Home Business Insights & Advice Securities fraud: Why investors may be misled

Securities fraud: Why investors may be misled

by Sponsored Content
29th Dec 20 10:19 am

Stock investors spend a significant amount of their time poring over the financial reports of various companies. Still, there have been continued reports of fraudulent activities such as the Ponzi scheme, which misled more than 8,000 investors.

A major factor of these incidents is misleading financial information that was provided by a company. Other enterprises may leave out some essential information knowingly if it negatively impacts investors. Some investors also emphasize only the last details in the management report, which is mostly positive. Continue reading to gain more insights.

Misleading financial advice

In most cases, investors have full trust in their financial advisers. Whenever they intend to invest in a particular company, they must consult them. They believe financial professionals have the information they need to help them make an informed decision. Unfortunately, some experts negligently or purposely leave out some material facts about an investment. Consequently, it prevents investors from making fully informed investment decisions.

The investor ends up losing their money since they did not have the right information. In this case, they can have a legal claim for the broker’s misconduct and get compensation for fraud. Other instances when an investor can have a claim of misrepresentation against an adviser include:

  • When money is lost in investment due to a broker’s omission
  • When a financial adviser misrepresents details regarding an investment
  • When a broker doesn’t disclose a conflict of interest about an investment

Misleading stock market results

If you listen to the stock market results of some companies, they always report positive outcomes.
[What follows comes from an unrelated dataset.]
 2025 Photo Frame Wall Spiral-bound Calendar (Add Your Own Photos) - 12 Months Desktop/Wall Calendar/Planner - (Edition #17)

However, when those positive results are misrepresented, investors are deceived into believing that such businesses are still doing well.

It gets worse when financial analysts cooperate with them instead of fighting this vice. Under their watch, the rosy numbers are used to mislead potential investors. In reality, some enterprises that seem to be profitable are making huge losses. The analysts who are supposed to call them out are also not making enough effort as expected.
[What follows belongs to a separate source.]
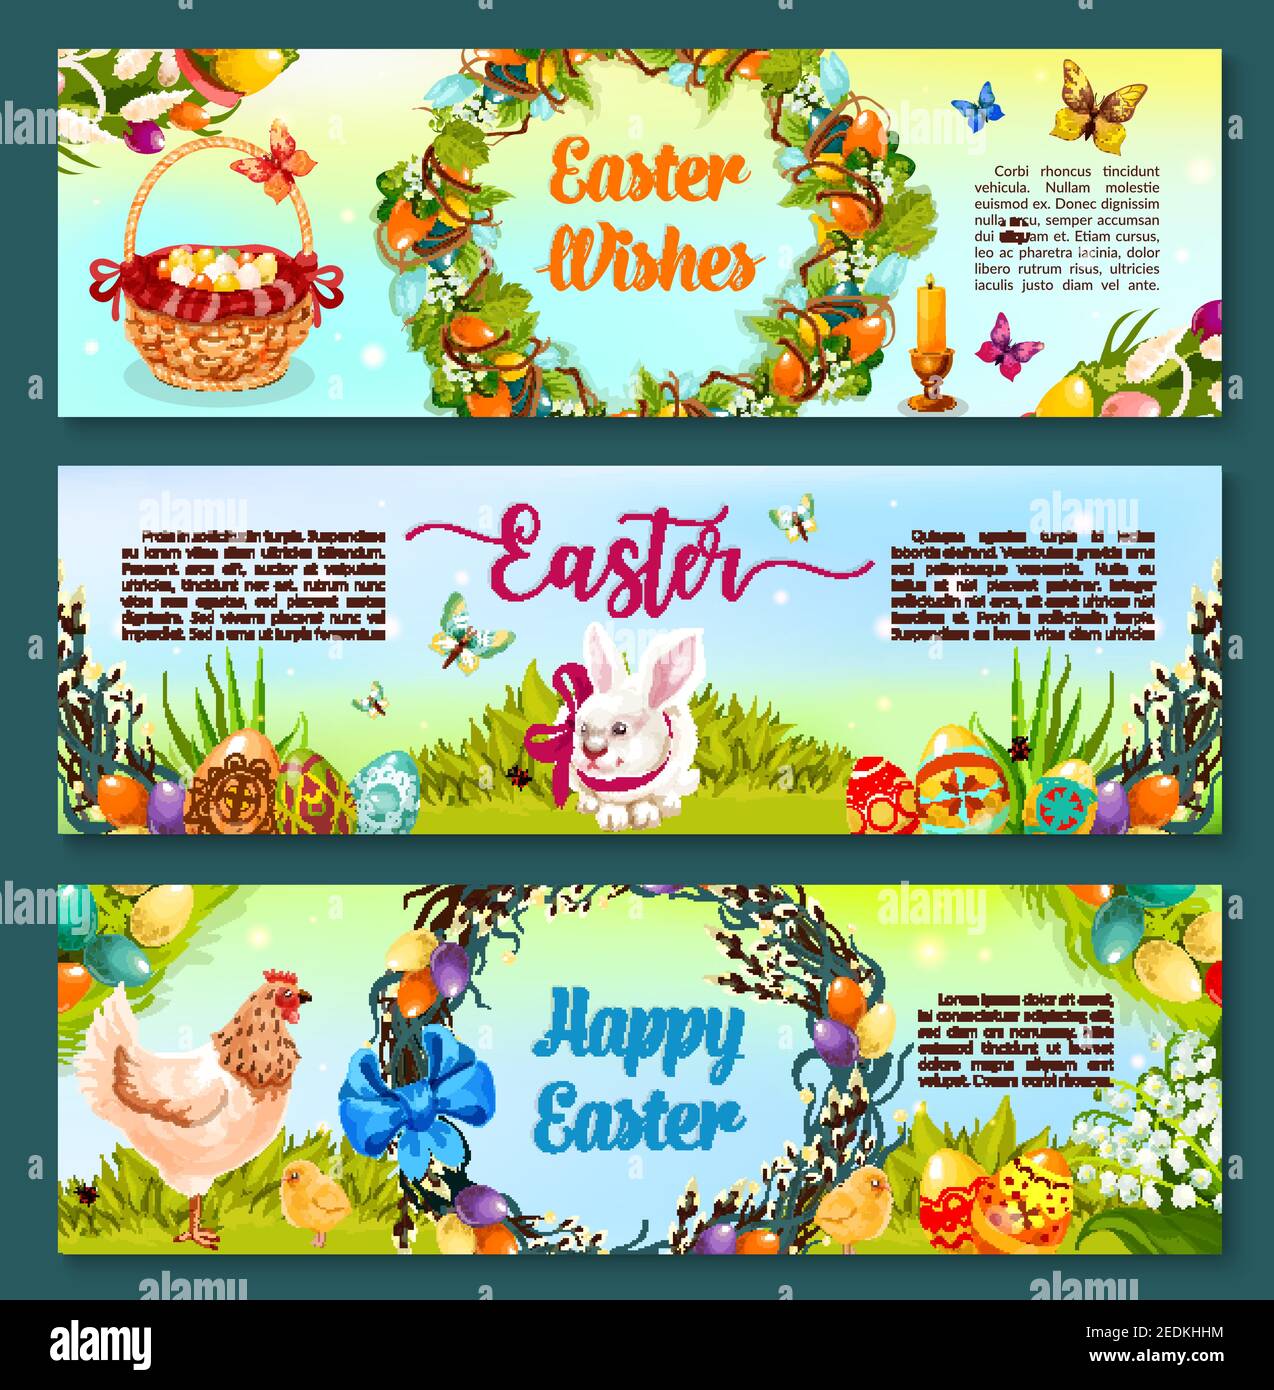 Banner de caricatura de caza de huevo de Pascua. Huevo de Pascua pintado con conejito de conejo y pollo sobre hierba verde, flores de primavera y guirnalda de rama de sauce, adornado Ilustración del Vector

A CNBC report showed that many companies have false results to show a positive outcome in their favor. About 72% of companies had tilted profits that exceeded net income for the first quarter. Still, quarter after quarter, this seems to be a frequent trend. In such cases, the Securities and Exchange Commission should provide oversight to avoid false information in securities exchanges.

Presentation sequence of financial information

Listed companies ensure that they report their earnings for the previous year and also state their plans. Every documented detail is important to any investor, and it may be the difference between a profit or loss in an investment.

However, the presentation order of financial details easily misleads a majority of investors. They don’t take their time to read through the entire document due to the human mind’s limited attention span. Instead, they judge a company’s performance through the information given in the latter sequence.

Although financial information is neutral, value-free, and objective, the order of information influences non-professional investors. Companies can take advantage of this to hide negative details in the mid-section of a report and give positive details towards the end.

Graphs are also used in various reports, and they quickly grab the attention of investors. They can retain them in their memories compared to other documentations. As a result, companies use more graphs to highlight favorable financial performance.


As an investor, you need to be cautious about misleading information, as explained above, which can lead to huge losses. You can always seek compensation for fraud against a company or broker who presents false details. General Electric is one such company that had to pay a penalty of $200 million for giving misleading information to investors.


The above information does not constitute any form of advice or recommendation by London Loves Business and is not intended to be relied upon by users in making (or refraining from making) any investment decisions. Appropriate independent advice should be obtained before making any such decision.